PROVIDED DATA:
______________________________

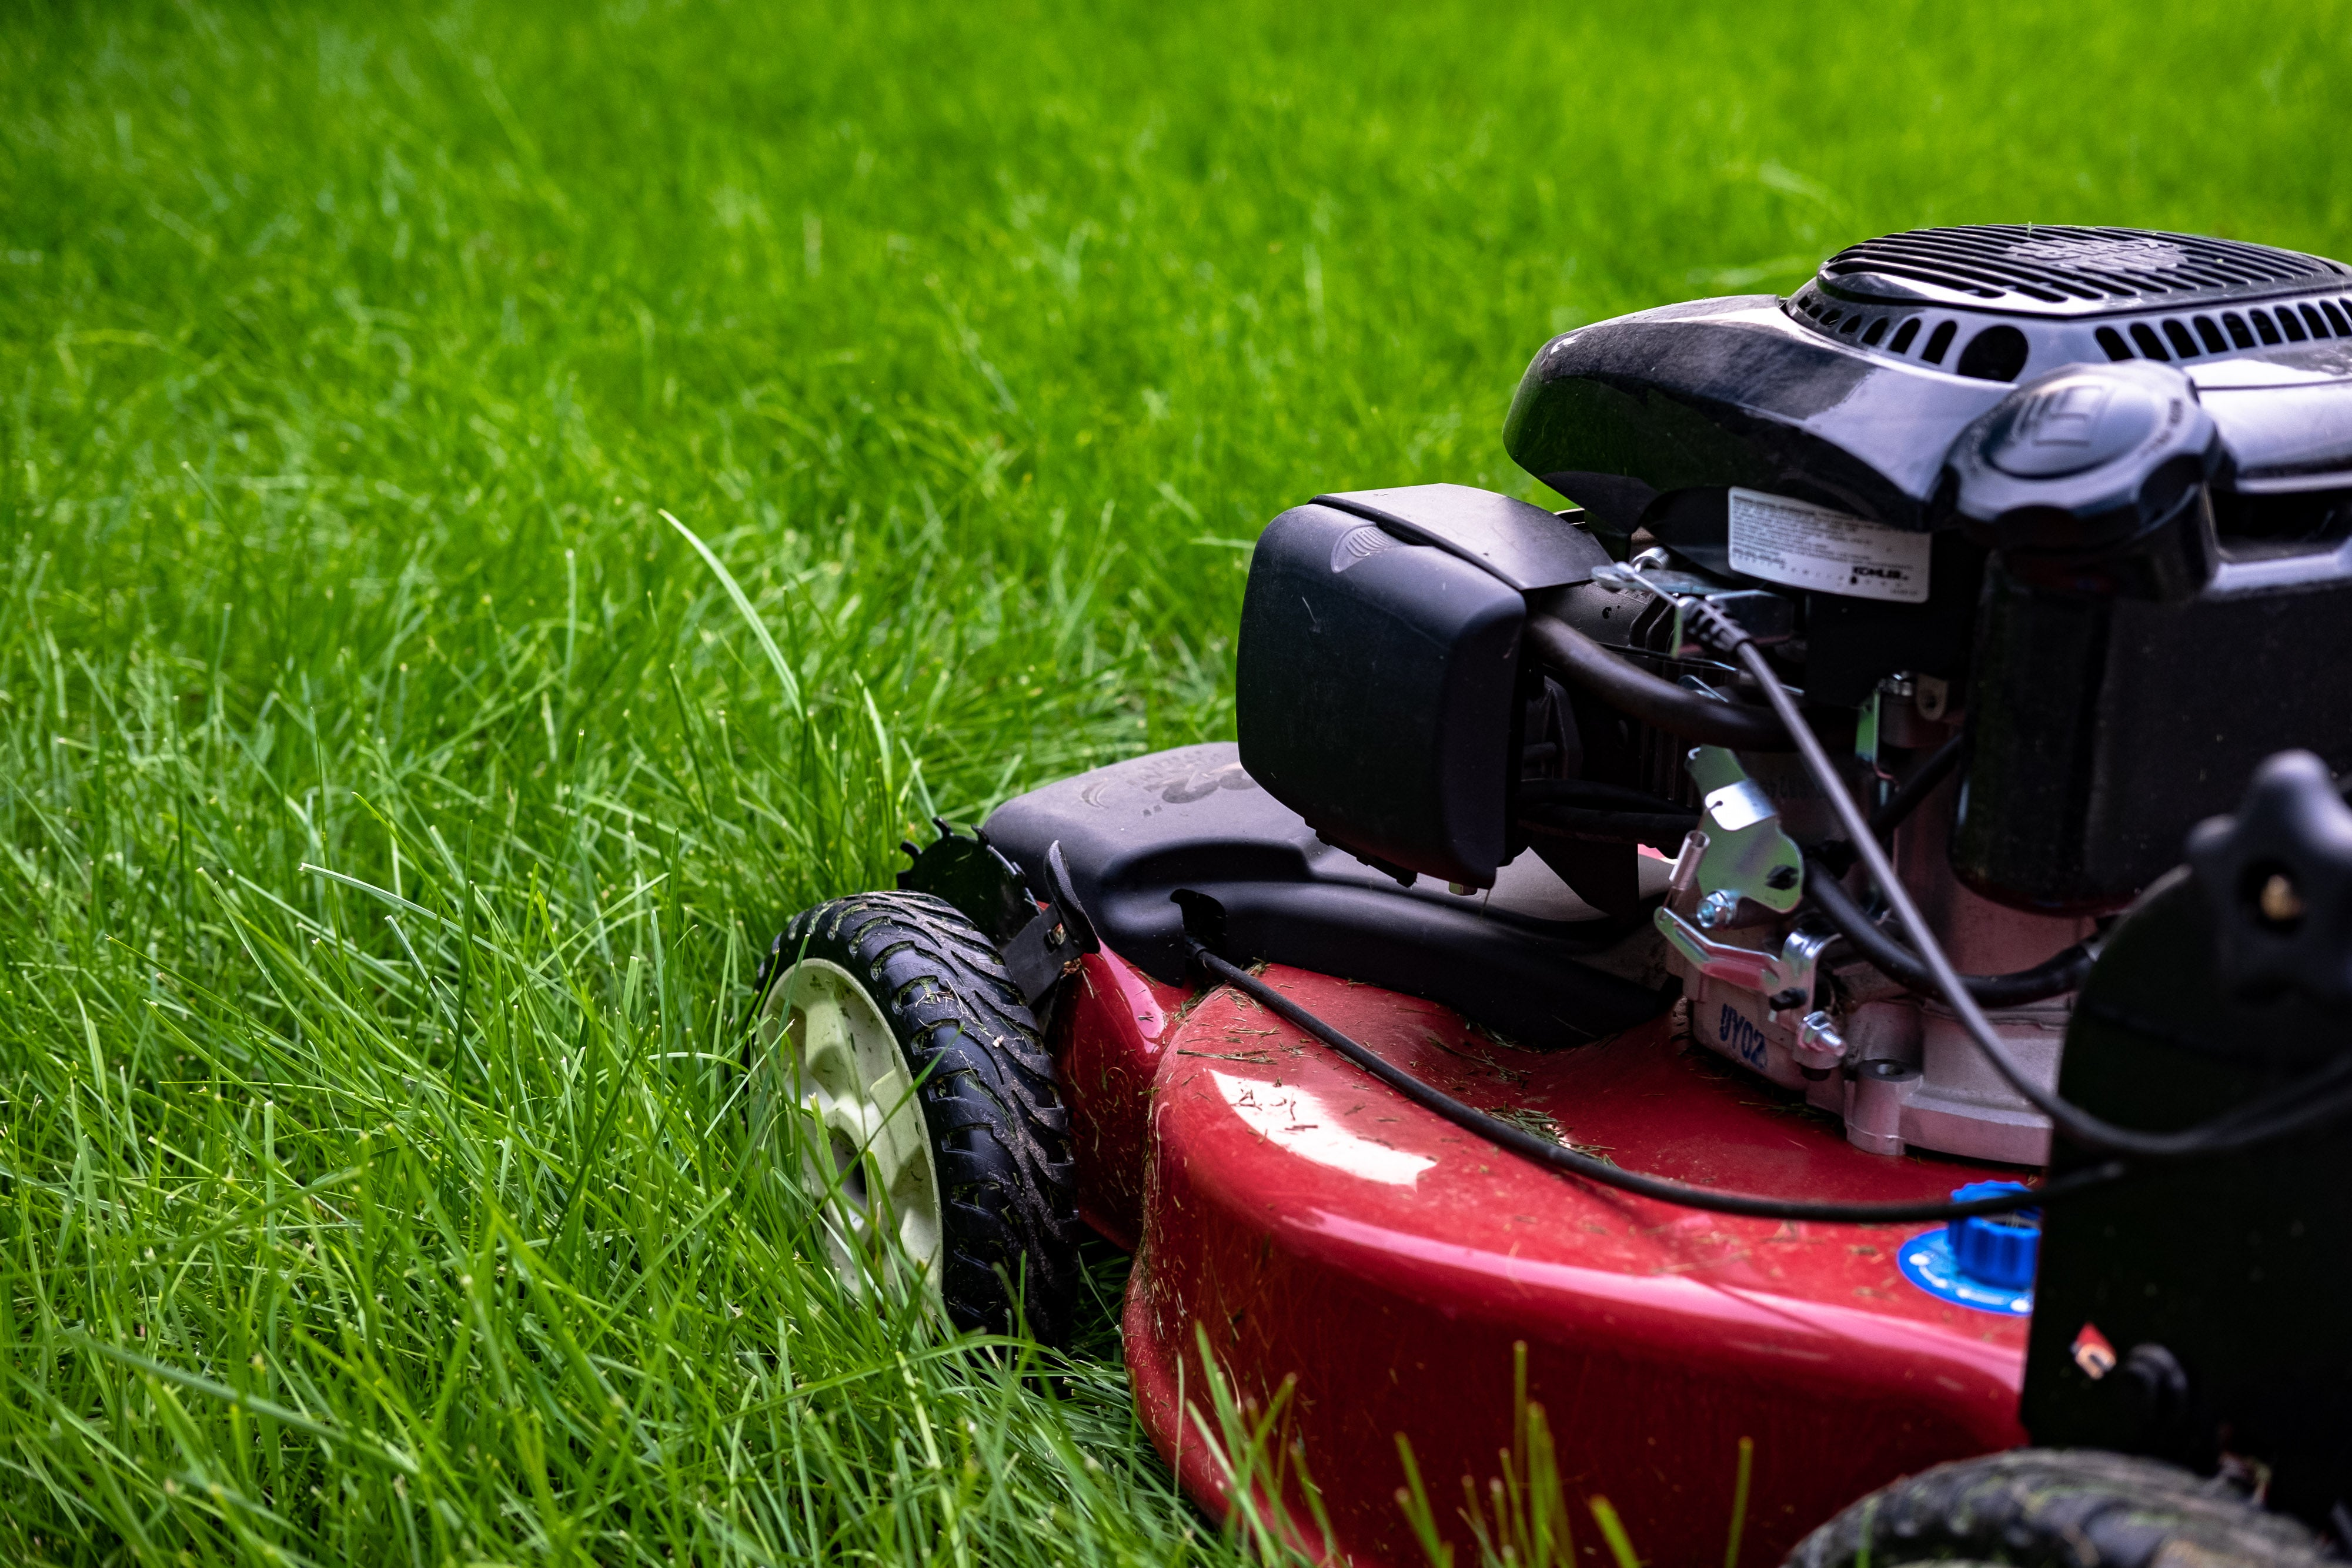 Now is the time to prep your lawn for spring
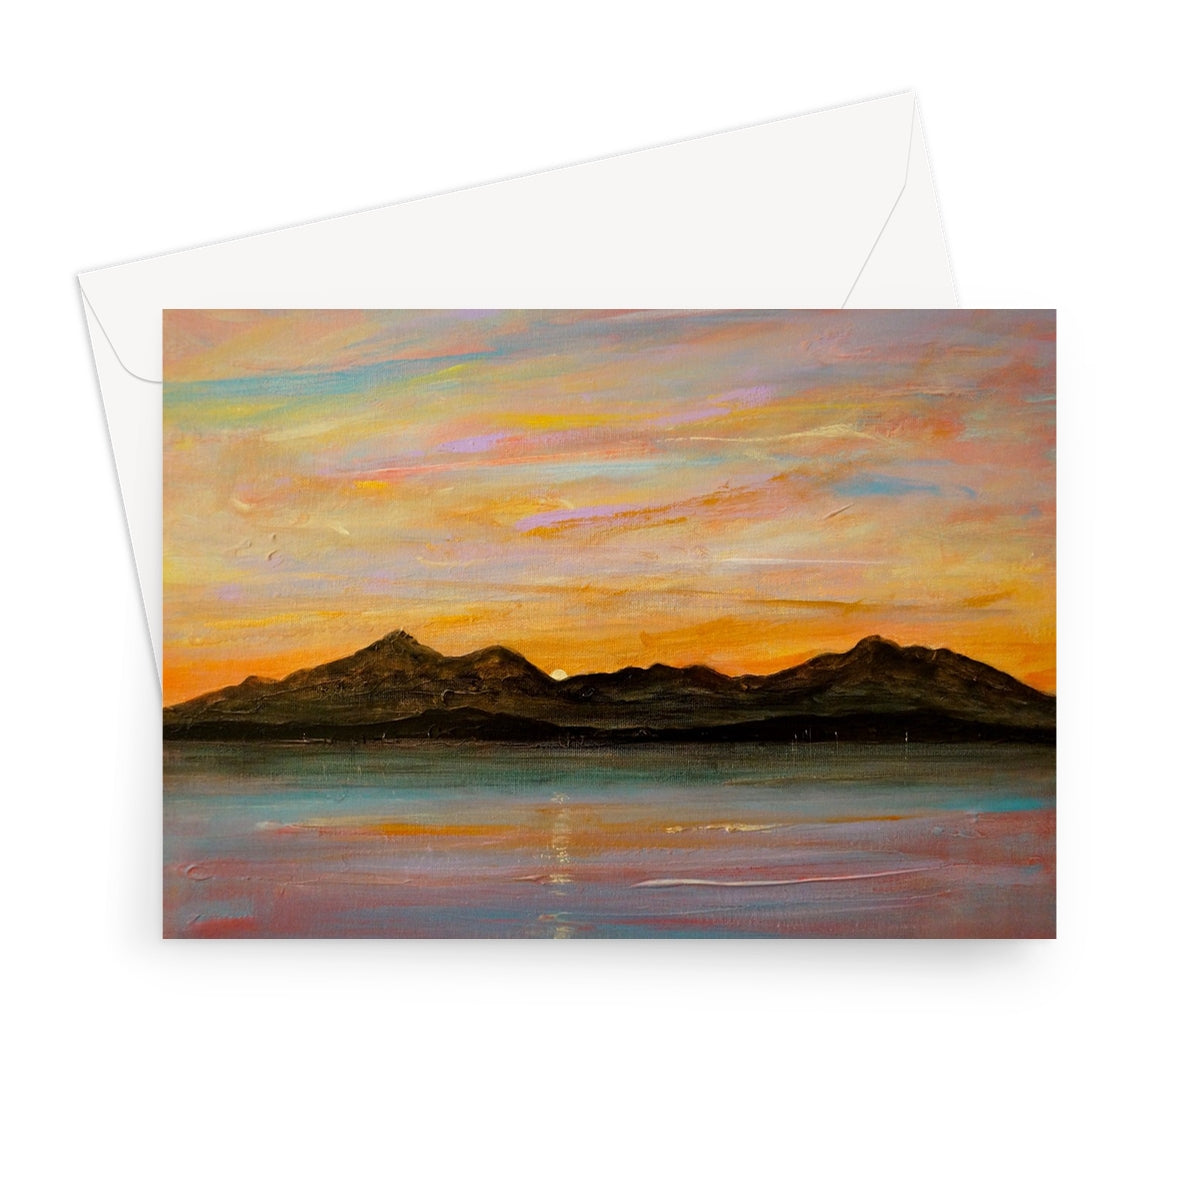 The Sleeping Warrior Arran Art Gifts Greeting Card-Greetings Cards-Arran Art Gallery-7"x5"-1 Card-Paintings, Prints, Homeware, Art Gifts From Scotland By Scottish Artist Kevin Hunter
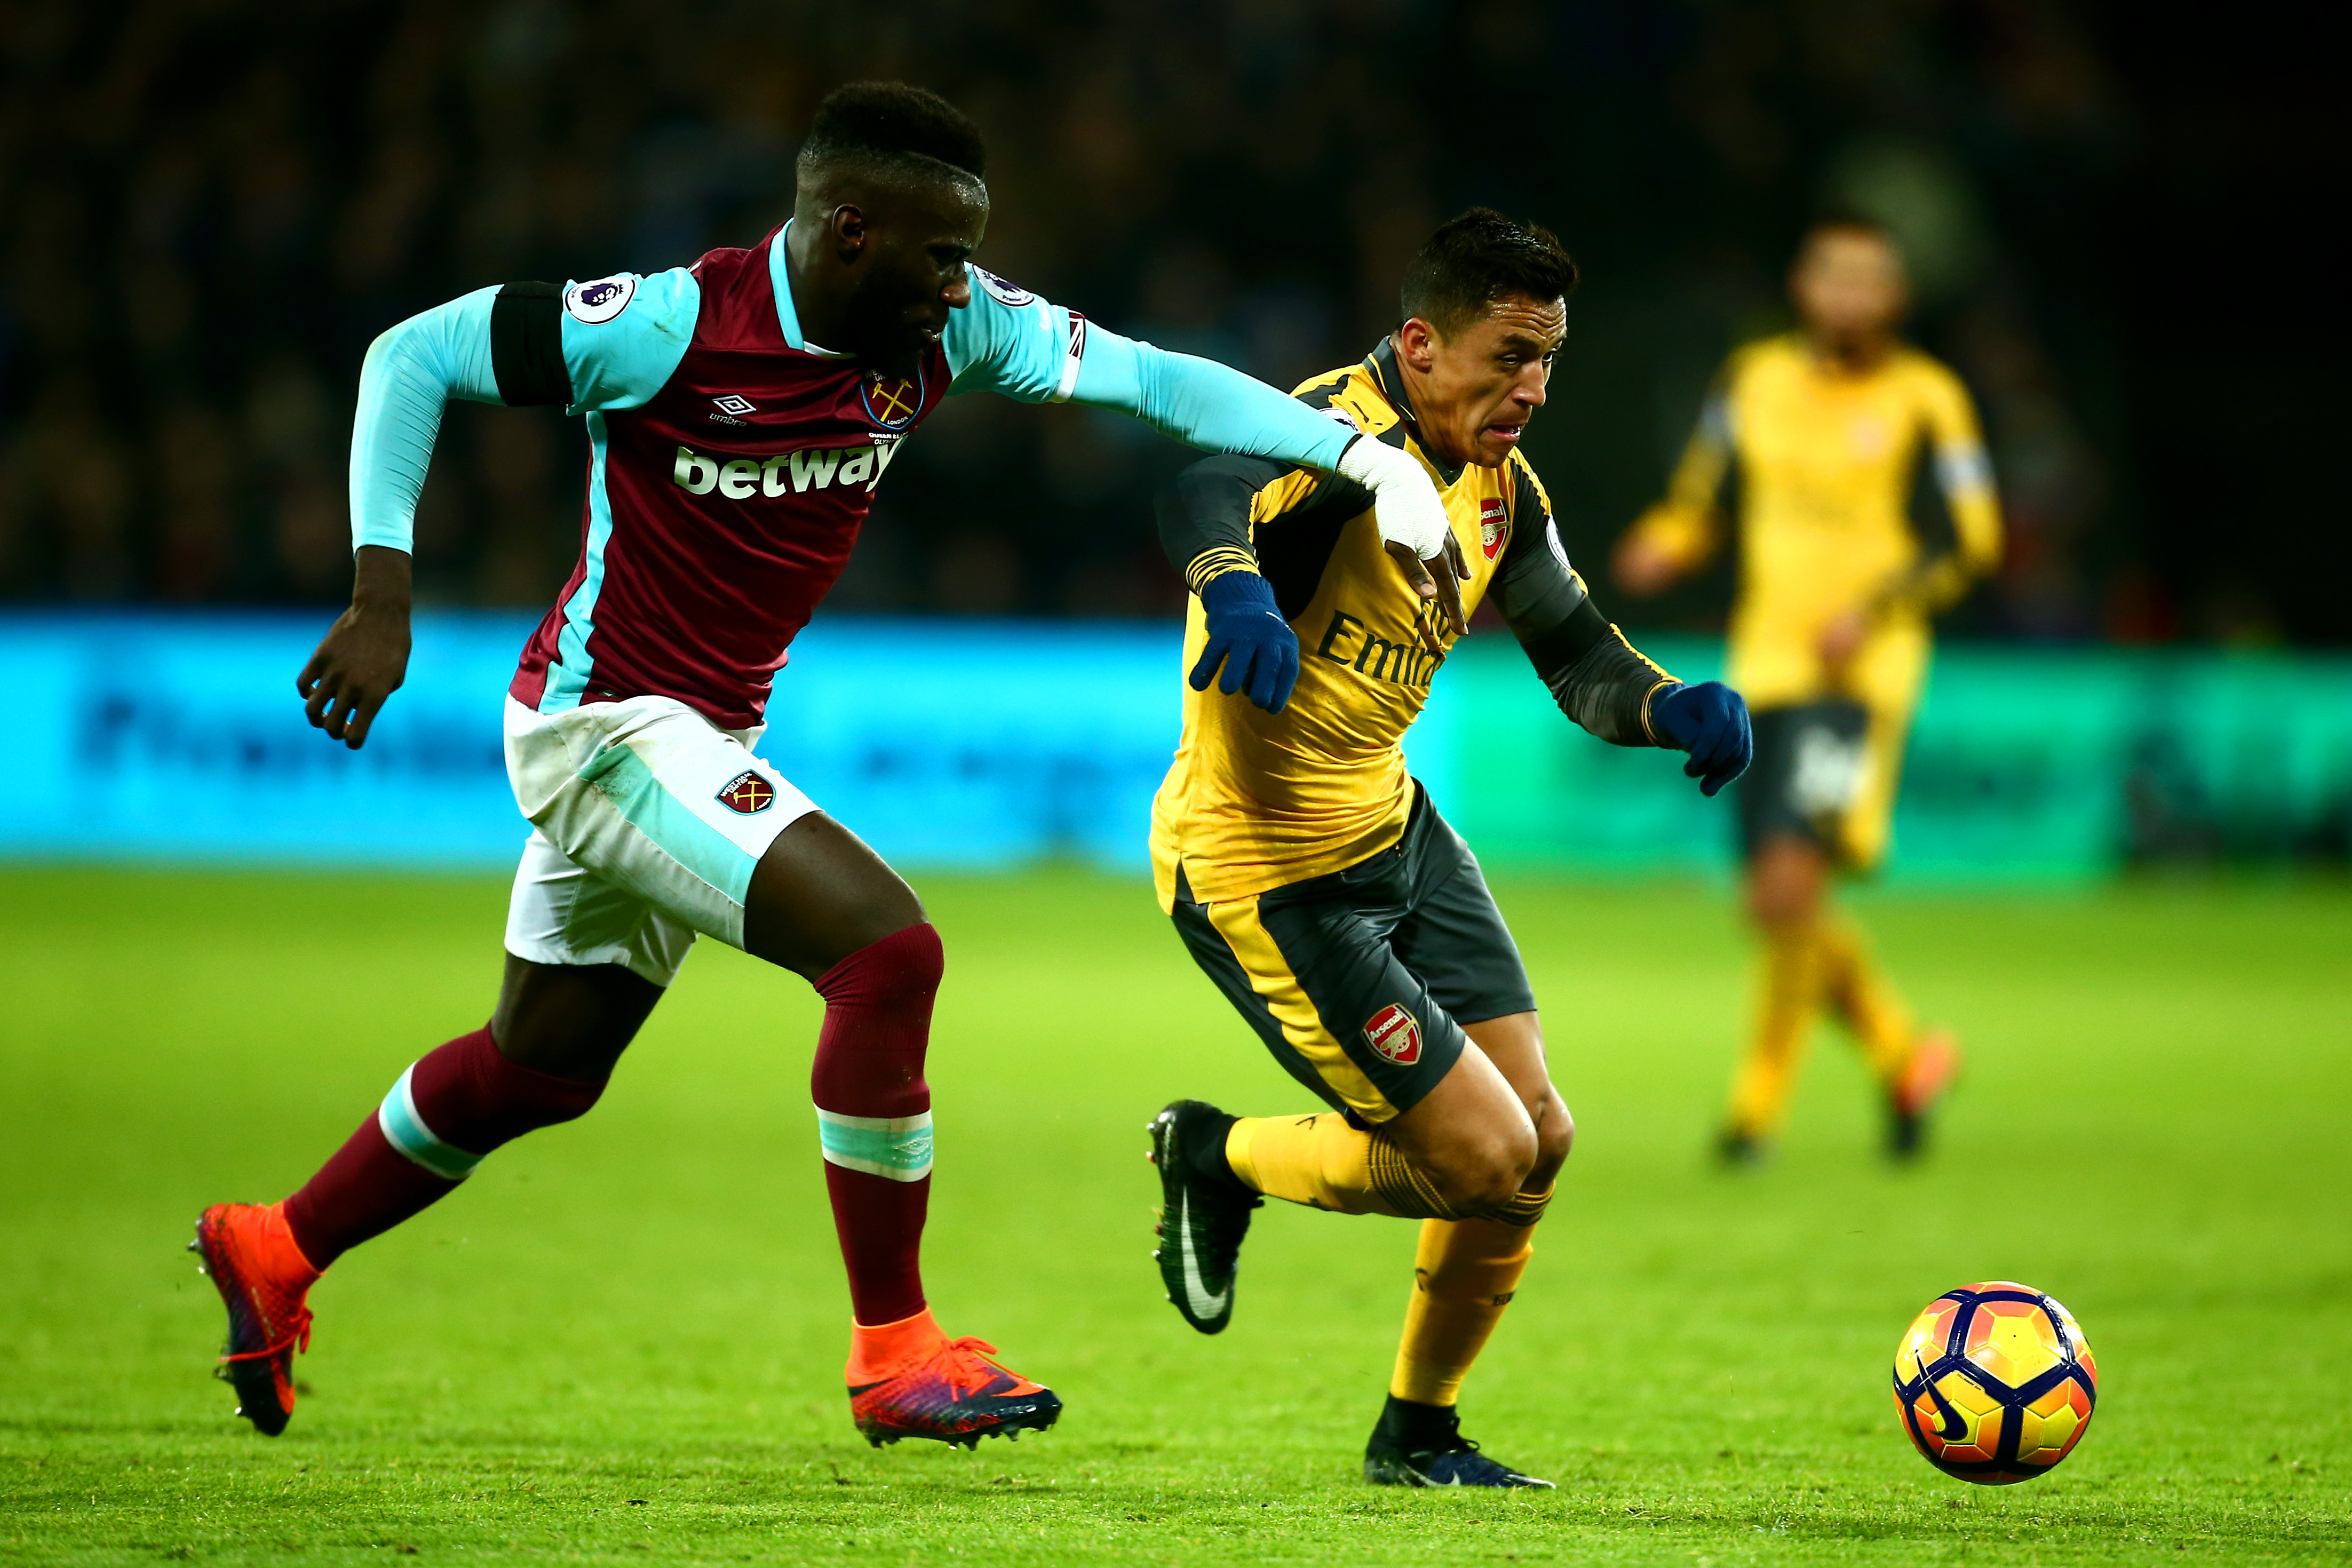 LONDON, ENGLAND - DECEMBER 03:  Alexis Sanchez of Arsenal holds off Arthur Masuaku of West Ham United during the Premier League match between West Ham United and Arsenal at London Stadium on December 3, 2016 in London, England.  (Photo by Jordan Mansfield/Getty Images)

______________________________

WHAT IS EXPECTED:
Copy out the whole listing exactly. Skip its pictures.

SOLUTION FOR THIS TASK:
 Now is the time to prep your lawn for spring
 The Sleeping Warrior Arran Art Gifts Greeting Card-Greetings Cards-Arran Art Gallery-7"x5"-1 Card-Paintings, Prints, Homeware, Art Gifts From Scotland By Scottish Artist Kevin Hunter
 LONDON, ENGLAND - DECEMBER 03:  Alexis Sanchez of Arsenal holds off Arthur Masuaku of West Ham United during the Premier League match between West Ham United and Arsenal at London Stadium on December 3, 2016 in London, England.  (Photo by Jordan Mansfield/Getty Images)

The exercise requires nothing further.